From the "details" section of the help file:
f is recycled as necessary and if the length of x is not a multiple of
the length of f a warning is printed. Any missing values in f are
dropped together with the corresponding values of x.
Try checking the length of your IND against the size of your dataframe, maybe.
Not sure what your goal is once you have your data split, but this sounds like a good candidate for the plyr package.
> library(plyr)
> ddply(sim, .(trt,IND), summarise, x1mean=mean(x1), x2sum=sum(x2), x3min=min(x3), x4max=max(x4))

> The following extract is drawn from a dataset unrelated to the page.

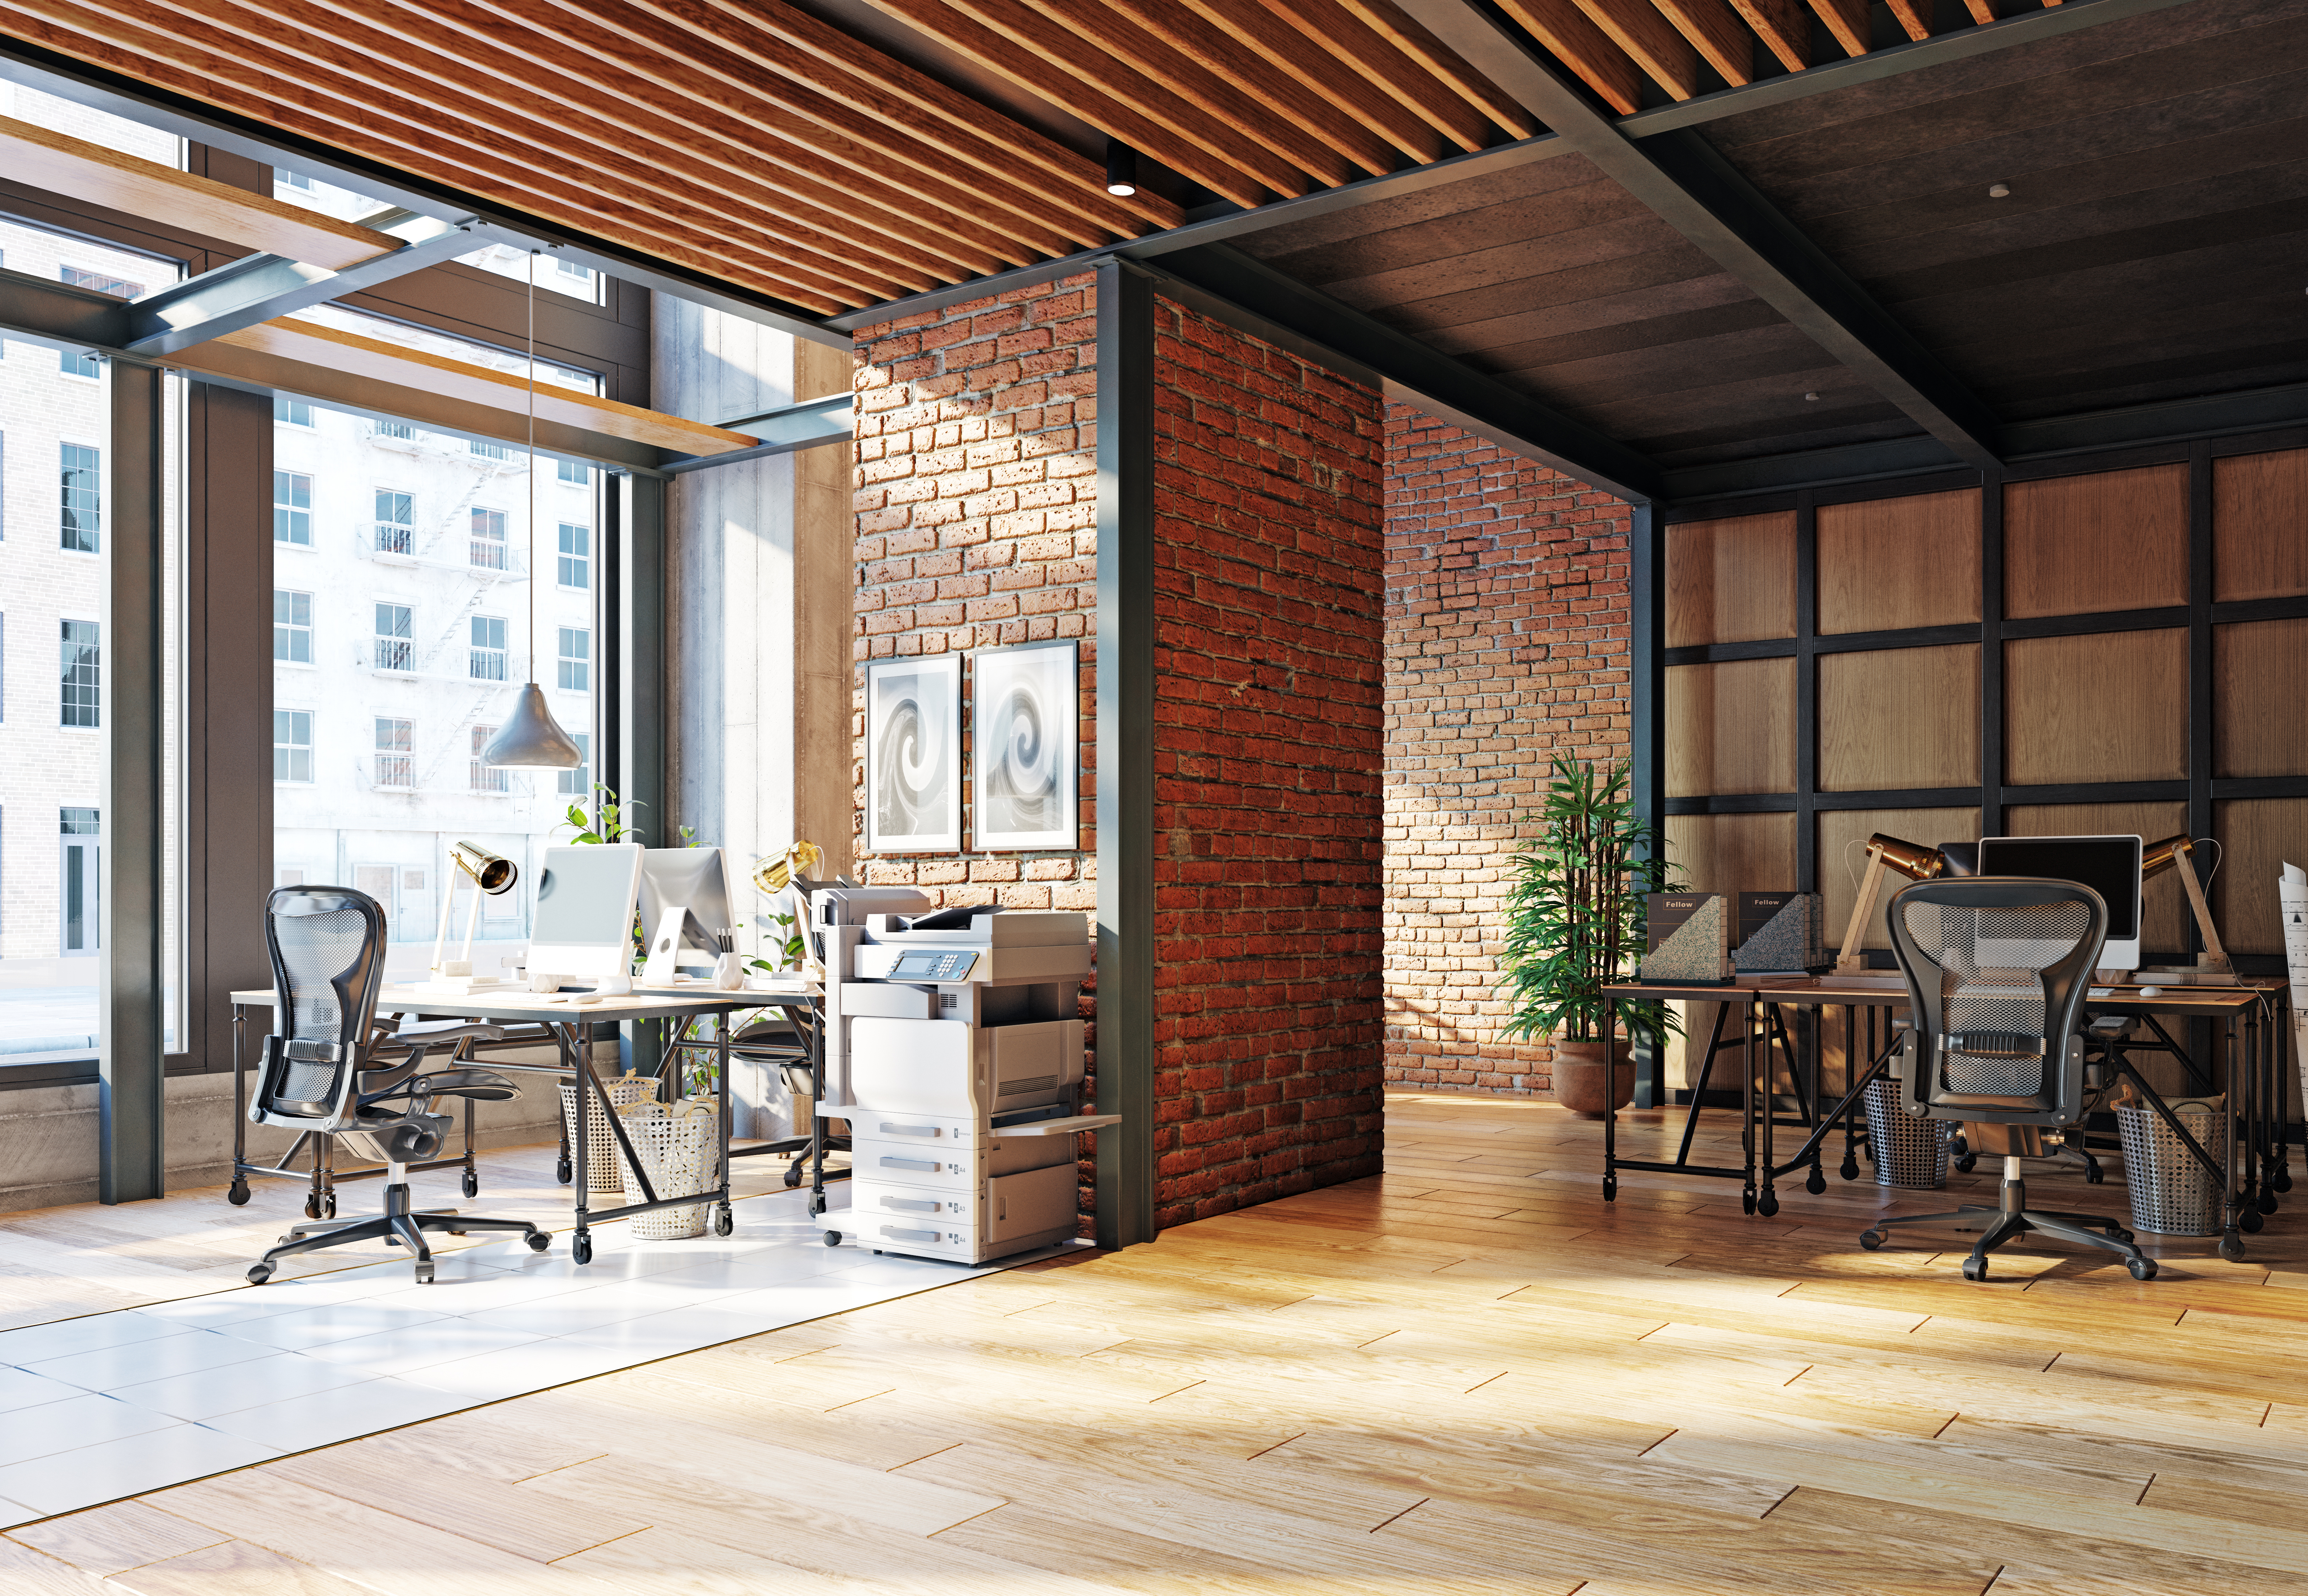 Featured image: A modern office with brick walls and wooden floors. - Relocating office premises? Our top tips for a smooth tech move.

trt IND x1mean x2sum x3min x4max
1 A 1 -0.49356448 -1.5650528 -1.016615 2.0027822
2 A 2 0.05908053 5.1680463 -1.514854 0.8184445
3 A 3 0.22898716 1.8584443 -1.934188 1.6326763
4 B 1 0.01531230 1.1005720 -2.002830 2.6674931
5 B 2 0.17875088 0.2526760 -1.546043 1.2021935
6 B 3 0.13398967 -4.8739380 -1.565945 1.7887837
7 C 1 -0.16993037 -0.5445507 -1.954848 0.6222546
8 C 2 -0.04581149 -6.3230167 -1.491114 0.8714535
9 C 3 -0.41610973 0.9085831 -1.797661 2.1174894
>
Where you can substitute summarise and its following arguments for any function that returns a data.frame or something that can be coerced to one. If lists are the target, ldply is your friend.